** Exercise data **
·····
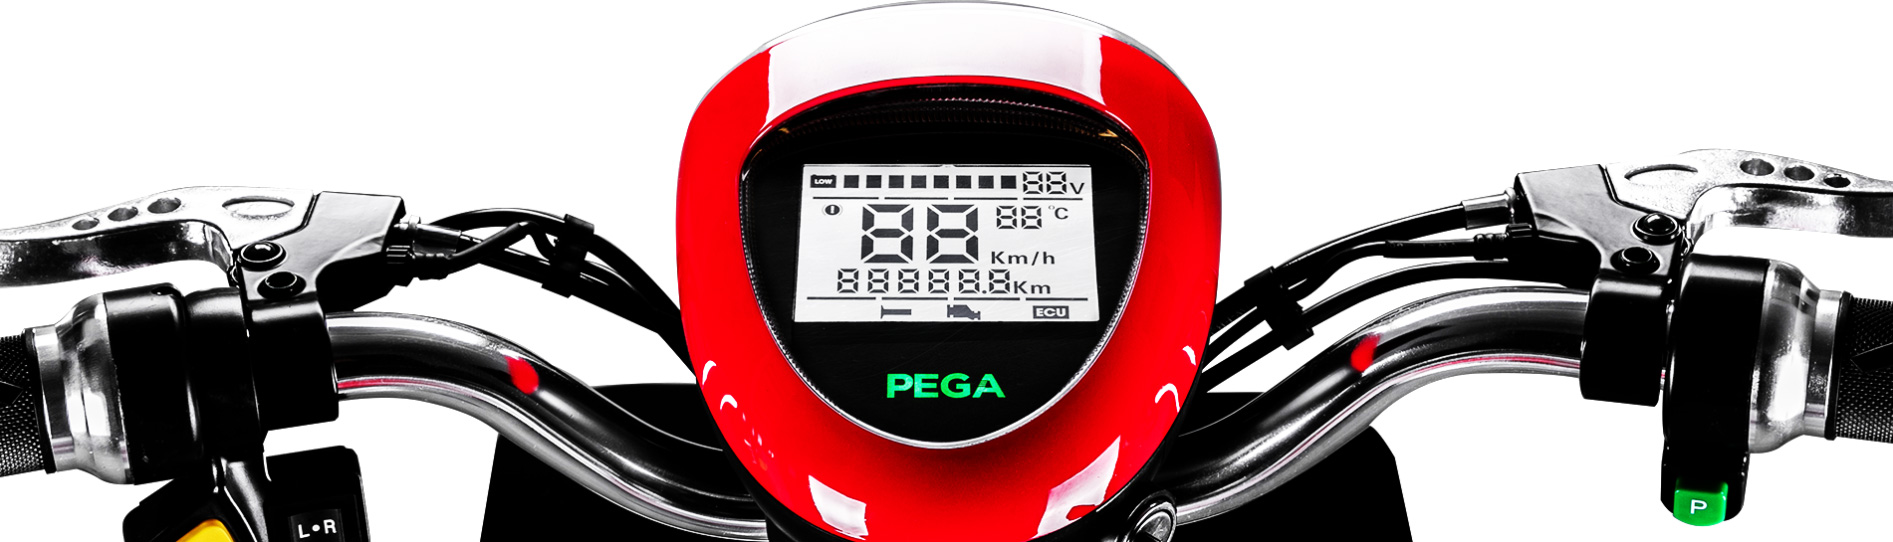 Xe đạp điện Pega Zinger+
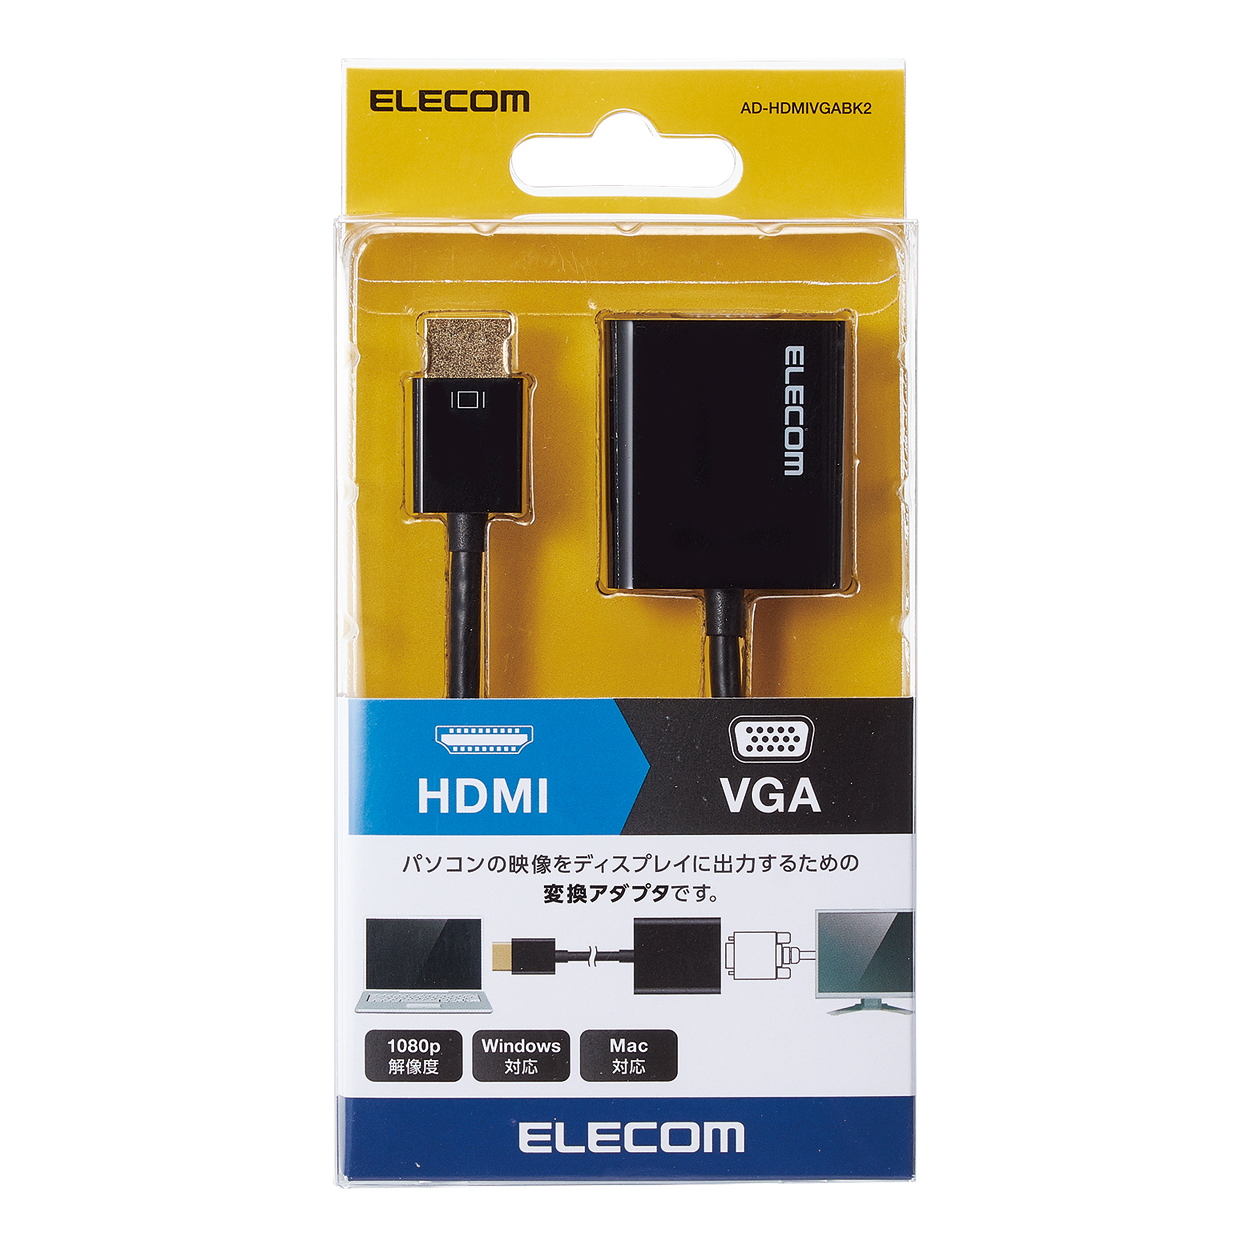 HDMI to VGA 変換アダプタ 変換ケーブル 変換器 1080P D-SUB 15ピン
·····
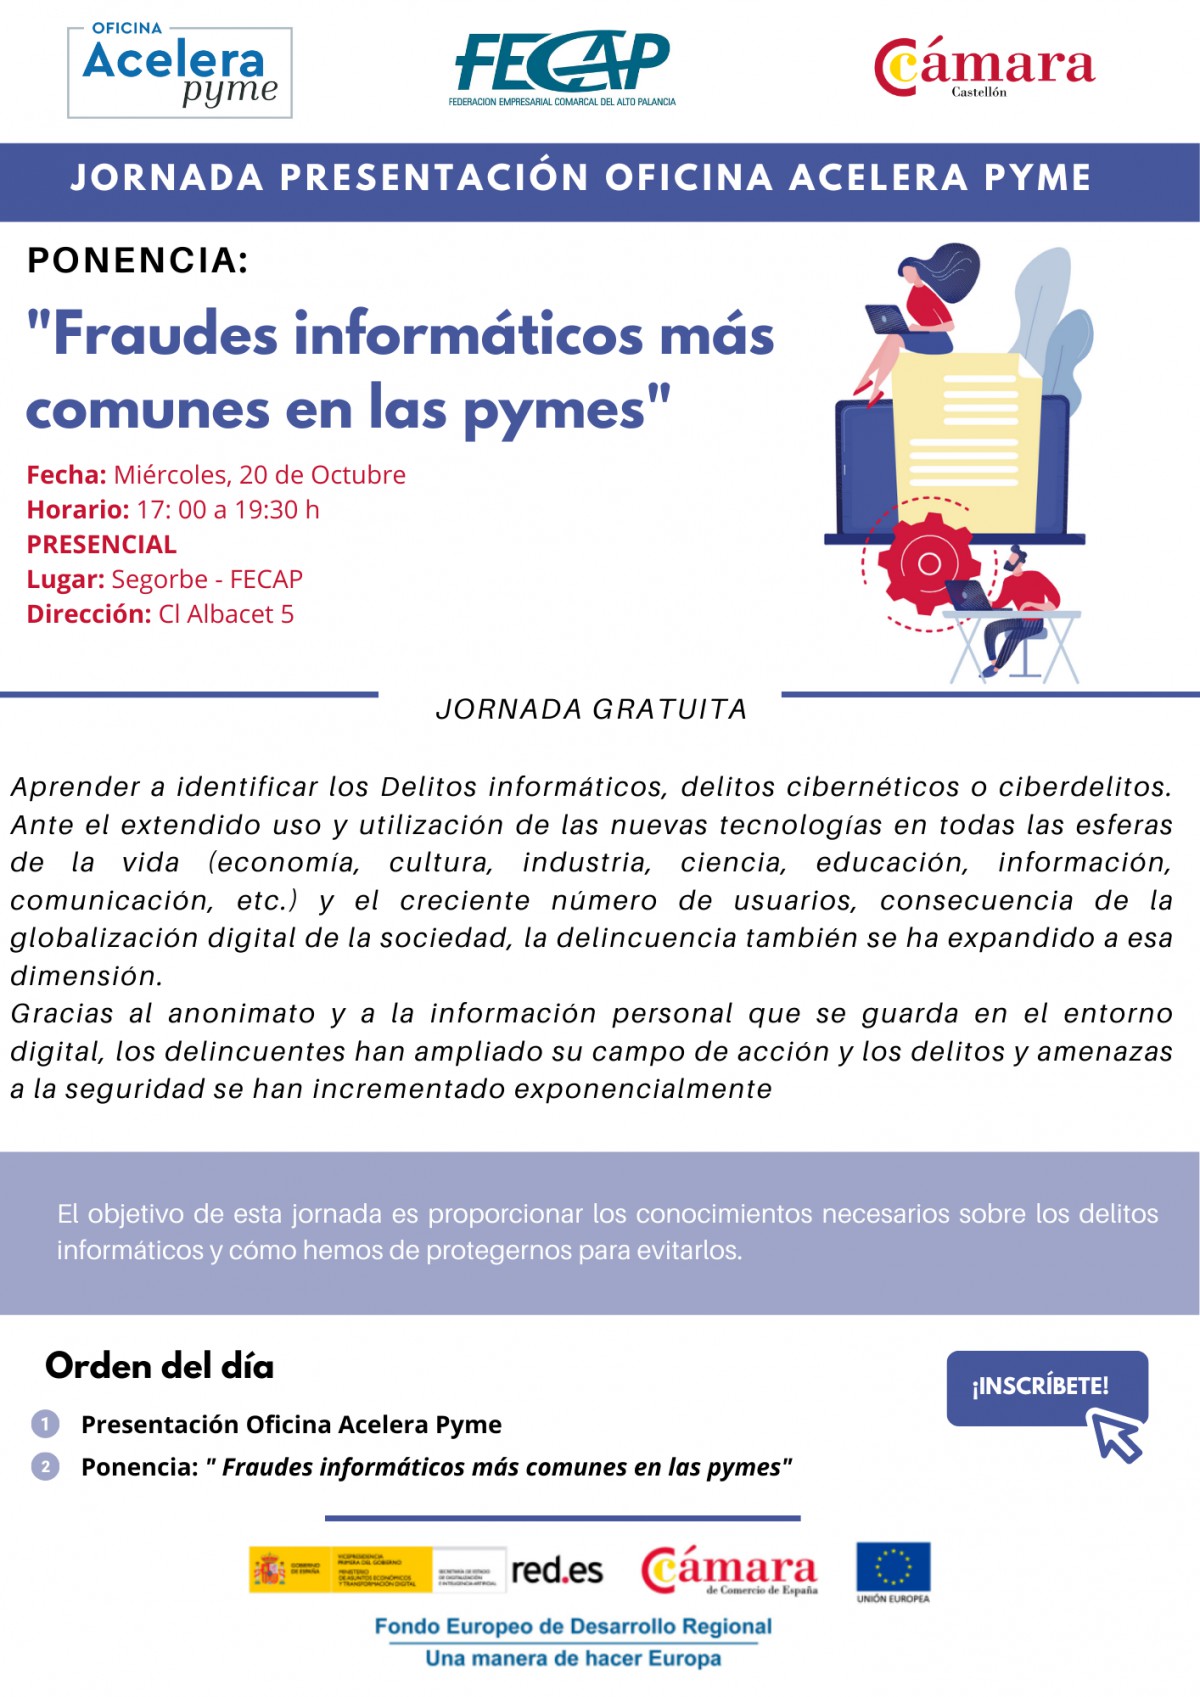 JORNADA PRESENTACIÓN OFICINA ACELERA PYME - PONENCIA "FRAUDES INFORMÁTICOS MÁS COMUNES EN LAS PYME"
·····
** Assignment **
Return the material from the line containing "Xe đạp điện Pega Zinger+" through the line containing "HDMI to VGA", exactly and in full, but without its pictures.

** Answer to the problem **
 Xe đạp điện Pega Zinger+
 HDMI to VGA 変換アダプタ 変換ケーブル 変換器 1080P D-SUB 15ピン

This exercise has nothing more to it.